TOTW is made by Diamond, and as of last summer all Diamond products are ethoxyquin free.


----------



## chipstone (May 24, 2010)

Penny & Maggie's Mom said:


> TOTW is made by Diamond, and as of last summer all Diamond products are ethoxyquin free.


Just want to second this. I fed the Pacific stream for a short while before I realized that they wouldn't guarantee the fish hadn't been preserved in ethoxyquin...I immediately stopped feeding it even though my dogs did FANTASTIC on the food. I'm going to resume feeding 2 of my dogs the Pacific Stream very soon.


----------



## 2goldens2love (Feb 8, 2011)

Thanks! still researching before I make a switch but this is good information!


----------



## CarolinaCasey (Jun 1, 2007)

Yes, as said- TOTW is now ethoxyquin free... I believe around May 2010.

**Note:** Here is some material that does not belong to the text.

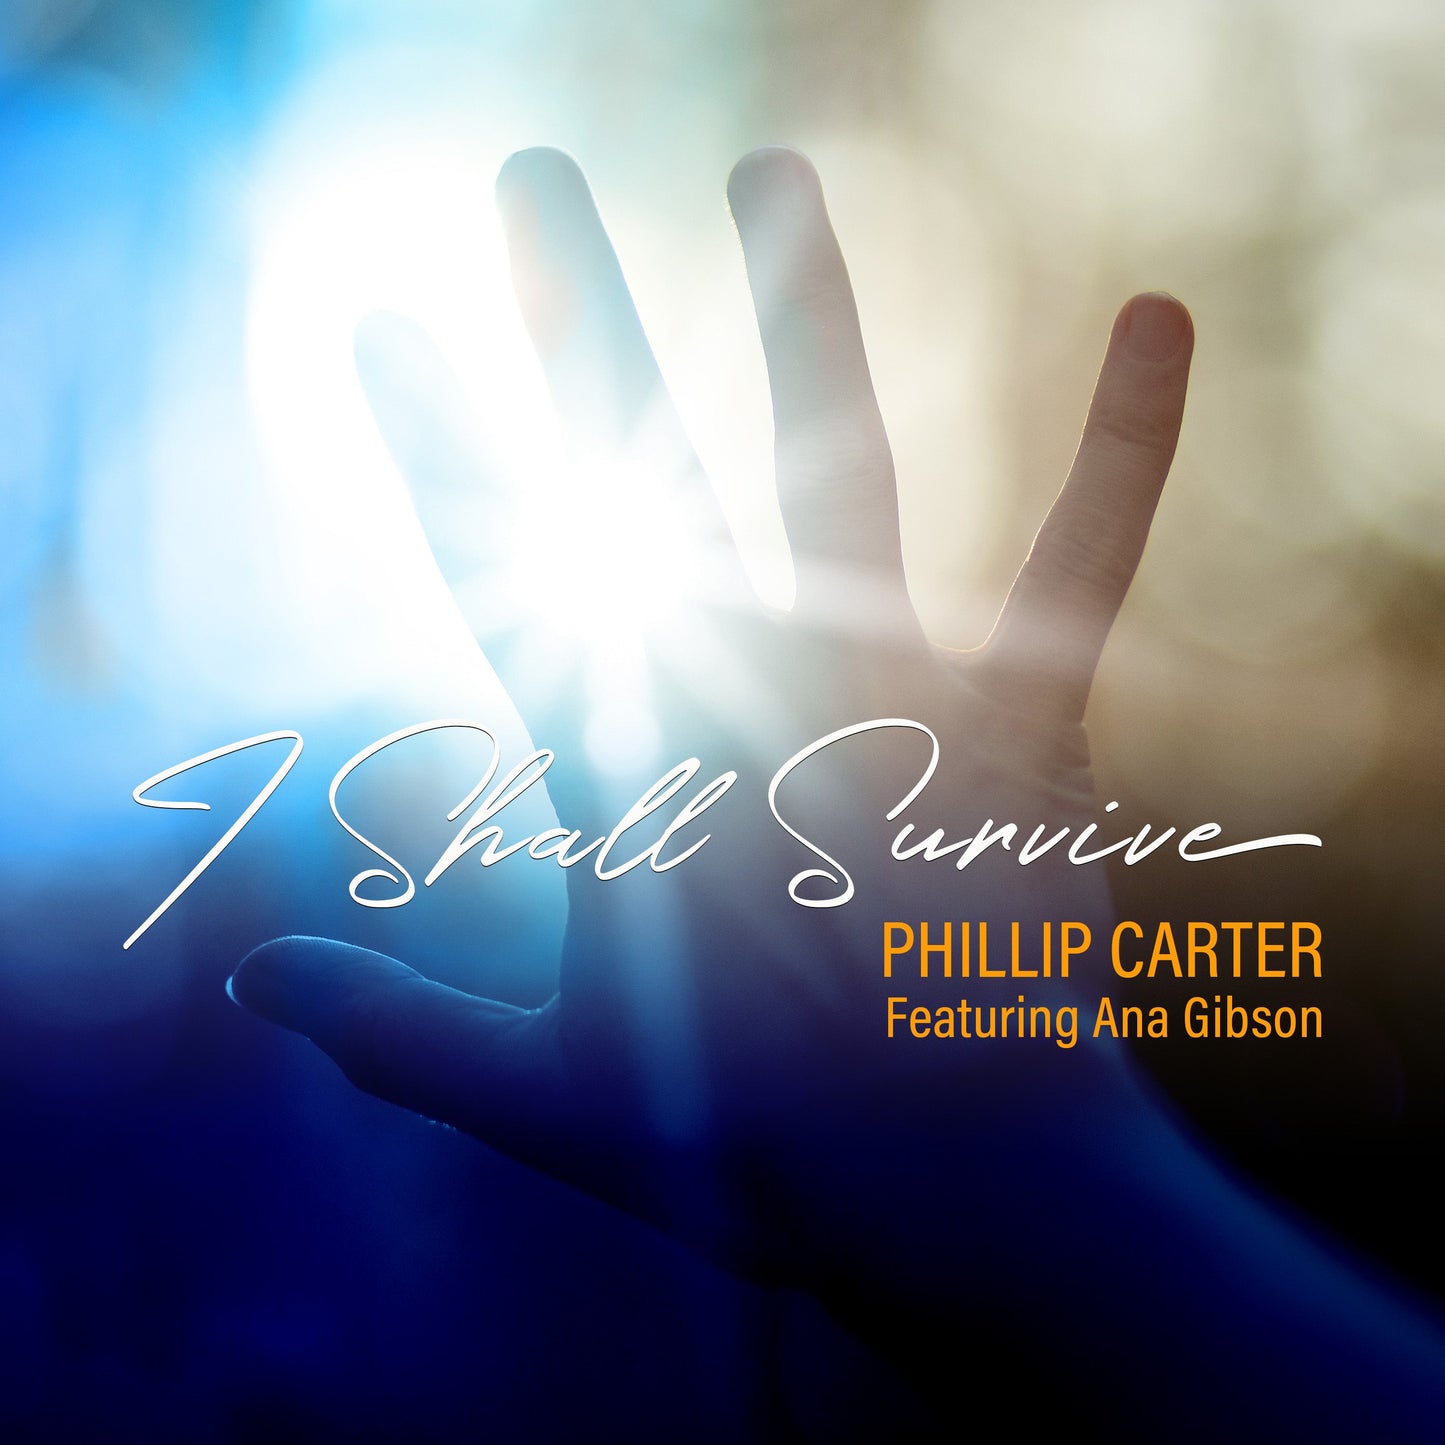 I Shall Survive by Phillip Carter Featuring Ana Gibson

Woot! Love this food for our boy right now.


----------



## caligal (Jul 28, 2010)

Just wanted to say if you have a Costco they have a new grain free food called Natures Domain also made by Diamond. It is about $31.99 for a 35lb bag.
Here are the ingredients:
Ingredients: Salmon meal, sweet potatoes, peas, potatoes, canola oil, potato protein, potato fiber, natural flavor, flaxseed, ocean fish meal, salt, choline chloride, dried chicory root, tomatoes, blueberries, raspberries, yucca schidigera extract, dried Enterococcus faecium fermentation product, dried Lactobacillus acidophilus fermentation product, dried Lactobacillus casei fermentation product, dried Lactobacillus plantarum fermentation product, dried Trichoderma longibrachiatum fermentation extract, vitamin E supplement, iron proteinate, zinc proteinate, copper proteinate, ferrous sulfate, zinc sulfate, copper sulfate, potassium iodide, thiamine mononitrate (vitamin B1), manganese proteinate, manganous oxide, ascorbic acid, vitamin A supplement, biotin, calcium pantothenate, manganese sulfate, sodium selenite, pyridoxine hydrochloride (vitamin B6), vitamin B12 supplement, riboflavin (vitamin B2), vitamin D supplement, folic acid

Here are the ingredients for TOTW 
Salmon, ocean fish meal, sweet potatoes, potatoes, canola oil, salmon meal, smoked salmon, potato fiber, natural flavor, choline chloride, dried chicory root, tomatoes, blueberries, raspberries, yucca schidigera extract, Enterococcus faecium, Lactobacillus casei, Lactobacillus acidophilus, Saccharomyces cerevesiae fermentation solubles, dried Aspergillus oryzae fermentation extract, vitamin E supplement, iron proteinate, zinc proteinate, copper proteinate, ferrous sulfate, zinc sulfate, copper sulfate, potassium iodide, thiamine mononitrate (vitamin B1), manganese proteinate, manganous oxide, ascorbic acid, vitamin A supplement, biotin, calcium pantothenate, manganese sulfate, sodium selenite, pyridoxine hydrochloride (vitamin B6), vitamin B12 supplement, riboflavin (vitamin B2), vitamin D supplement, folic acid.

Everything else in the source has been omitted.